En ese patio fui feliz a ratos, a verbenas, a juegos de primos, a huevos cogidos del gallinero, a camadas de gatos ciegos recién nacidos. También fui feliz a ratos en el sótano en el que viví buena parte de mi infancia. Un sótano colgado de una colina que daba al mar, un sótano con las vistas de un ático de zona alta y un patio cuadrado, invadido por las plantas de mi madre, en el que dejé, poco a poco, de jugar con mi hermana y empecé a tumbarme para tomar el sol en bikini y leer o estudiar, un patio al que los vecinos dejaban caer colillas encendidas, o las migas del mantel o un calcetín desparejado. A veces también se caían los pájaros y había que ayudarles a volar, aunque no todos los conseguían, como ese polluelo que no logró sobreponerse al golpe contra el suelo tras caerse del nido que construyeron unas golondrinas que, efectivamente, volvían cada año por primavera.
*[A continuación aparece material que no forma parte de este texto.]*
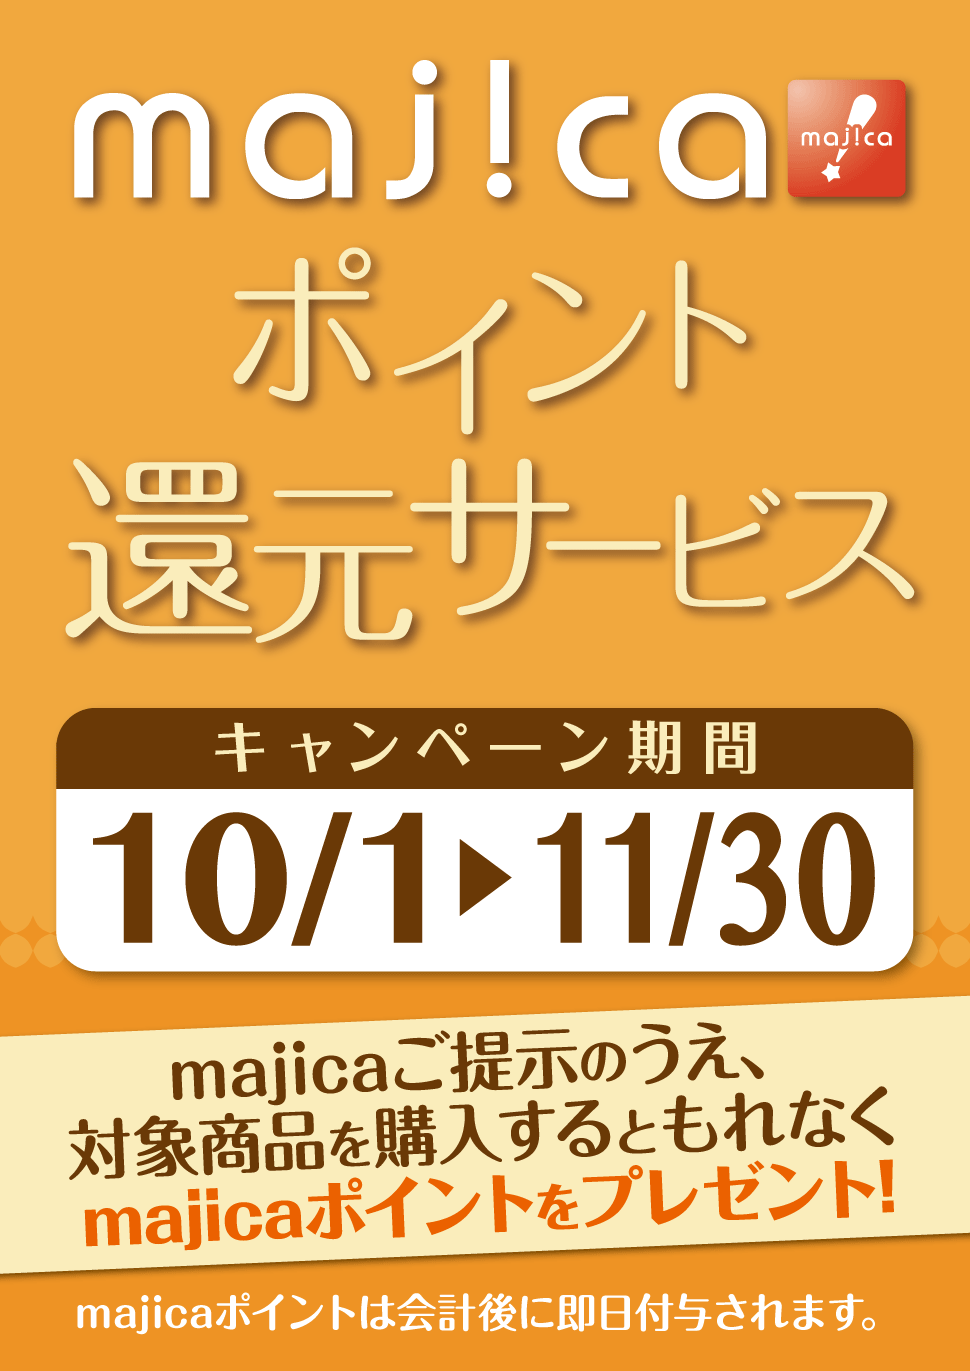 majicaポイント還元サービス「ライフスタイルキャンペーン」

En la casa en la que resido actualmente también hay patio y en él juego, me tumbo, riego las plantas, leo, escribo, barro las plumas que pierden las malditas palomas, tiendo la ropa, recojo la colada y los juguetes que deja Noa tirados por el suelo, limpio el cajón de arena de mi gato, devuelvo balones a los niños de los vecinos y abro y cierro a diario la reja que me mantiene dentro de casa, encerrada, a salvo, pero no sé si feliz; no tengo tiempo para averiguarlo.
Parece ser que la única puerta que abro a voluntad es la que da a mi patio. ¿Qué querían decir los griegos al afirmar que, cuando fue abierta, se escaparon del interior de la caja de Pandora todos los males menos la esperanza? ¿Para los antiguos griegos la esperanza era un mal? Después de parir te quedas vacía y lo único que retumba dentro es ese quizá, ese puede que sí, que todo sea ahora posible. Y así me siento, hueca como una caja de resonancia que no hace más que amplificar unos anhelos que permanecen quietos, a buen recaudo, tras mi puerta cerrada.